**PROVIDED DATA**.

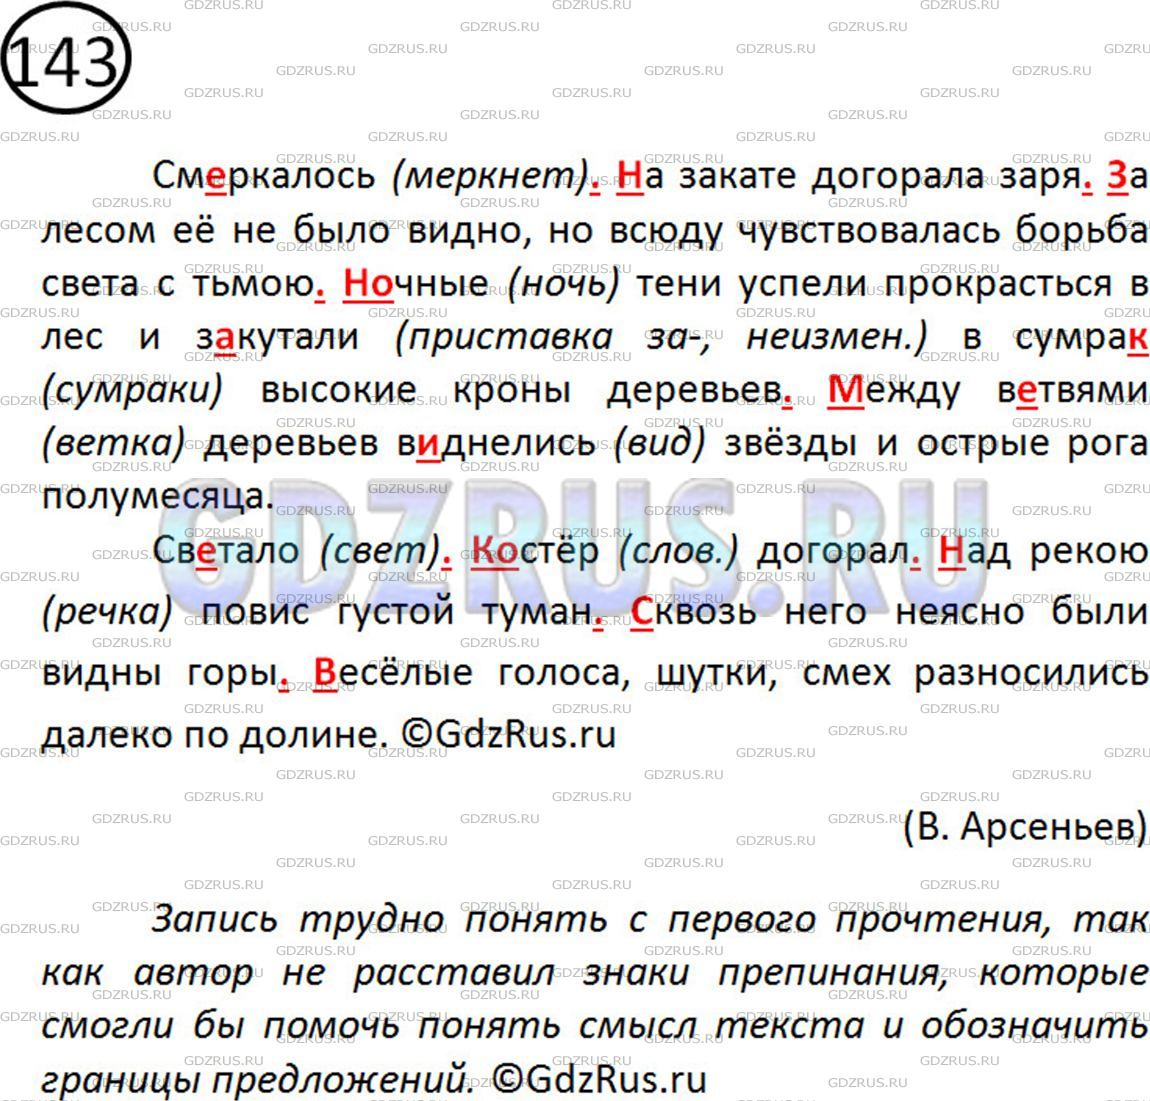 Фото решения 2: Номер №146 из ГДЗ по Русскому языку 5 класс: Ладыженская Т.А. 2019г.
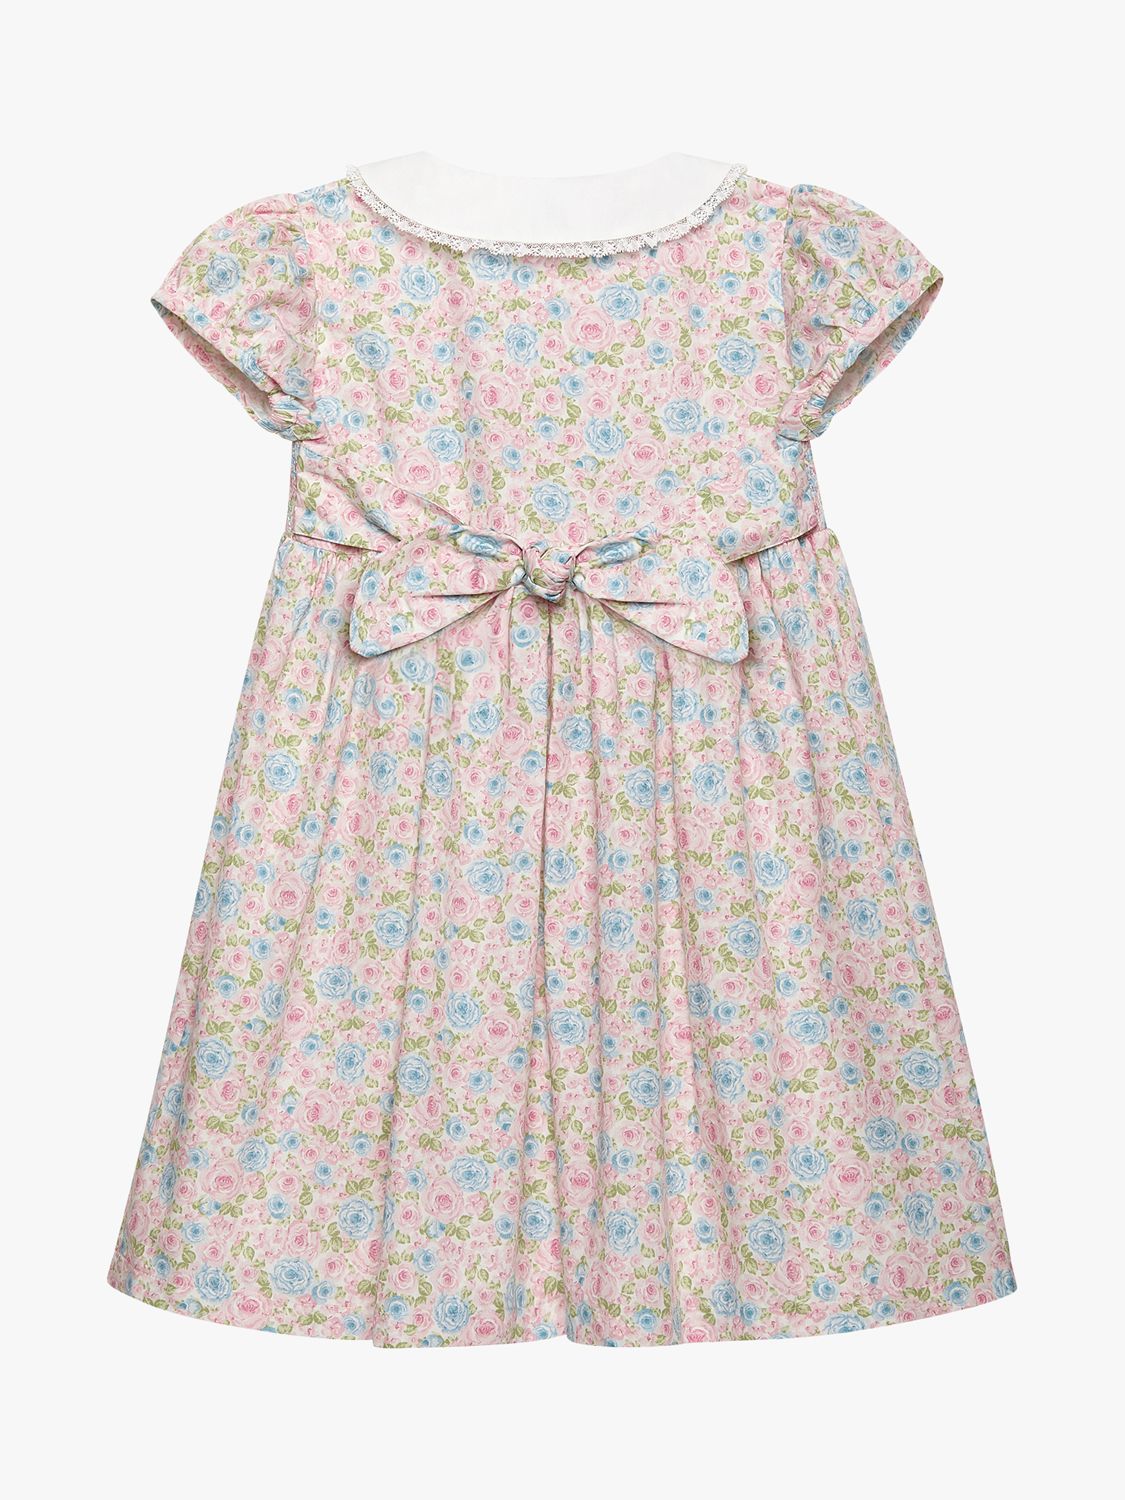 Buy Trotters Kids' Alice Floral Smocked Dress, Pink/Multi Online at johnlewis.com
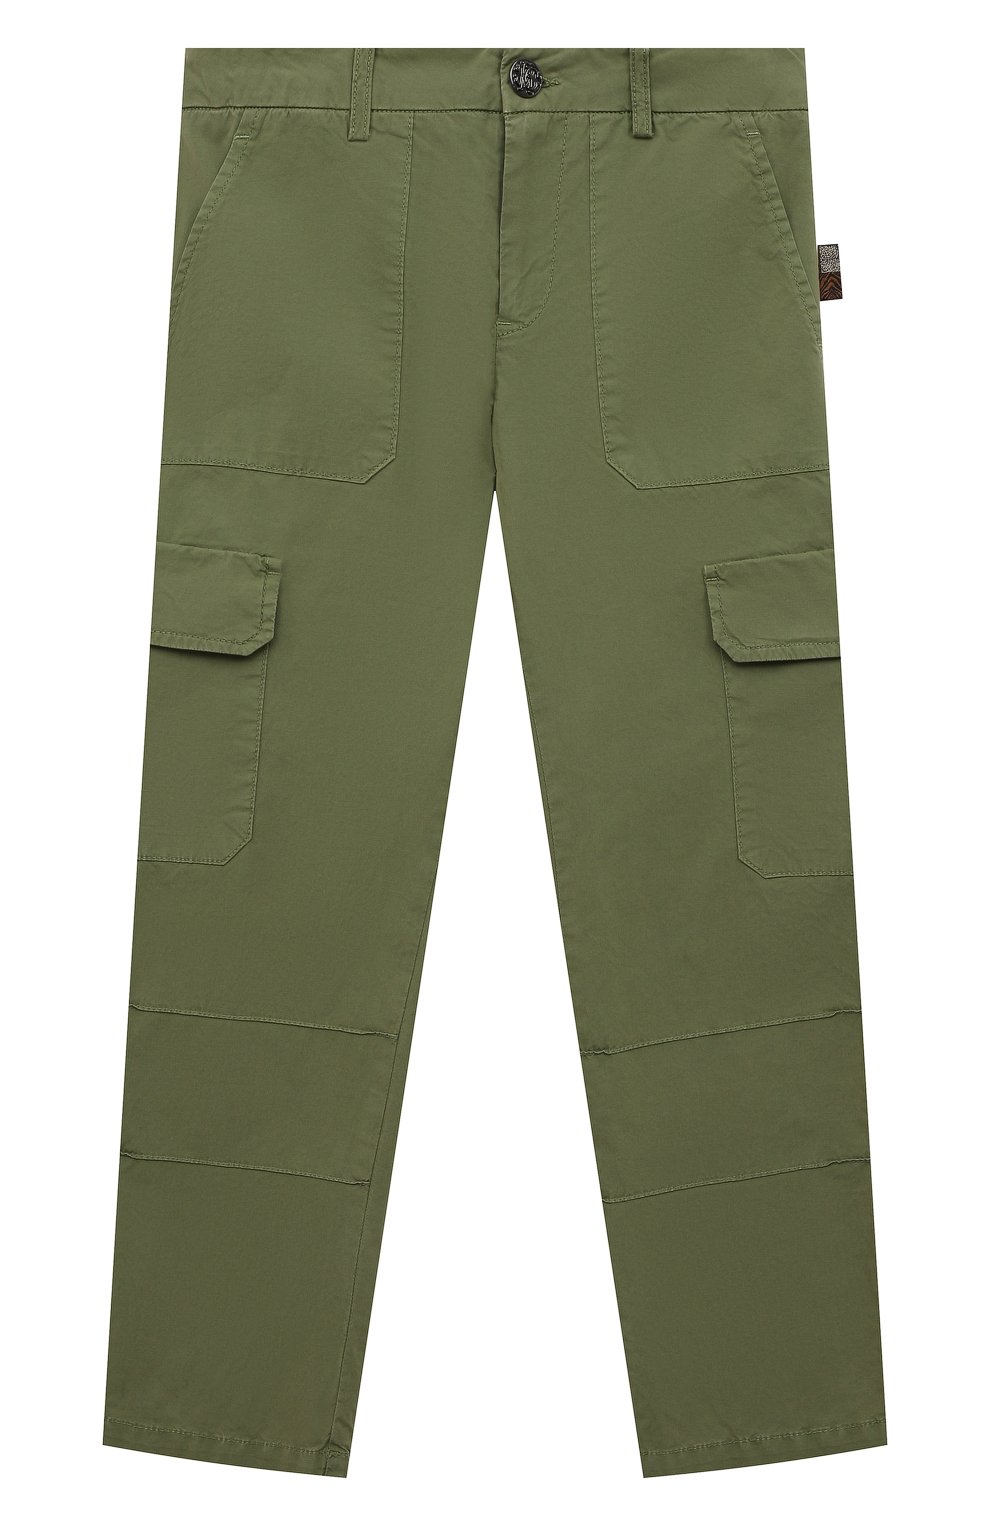 Хлопковые брюки Roberto Cavalli QJT232/CE035/12A-14A

**EXERCISE INSTRUCTIONS**. Copy exactly, and only, the lines from the line containing "Buy Trotters Kids'" through the final line of the material above, with no pictures.

**REPLY TO THE EXERCISE**.
 Buy Trotters Kids' Alice Floral Smocked Dress, Pink/Multi Online at johnlewis.com
 Хлопковые брюки Roberto Cavalli QJT232/CE035/12A-14A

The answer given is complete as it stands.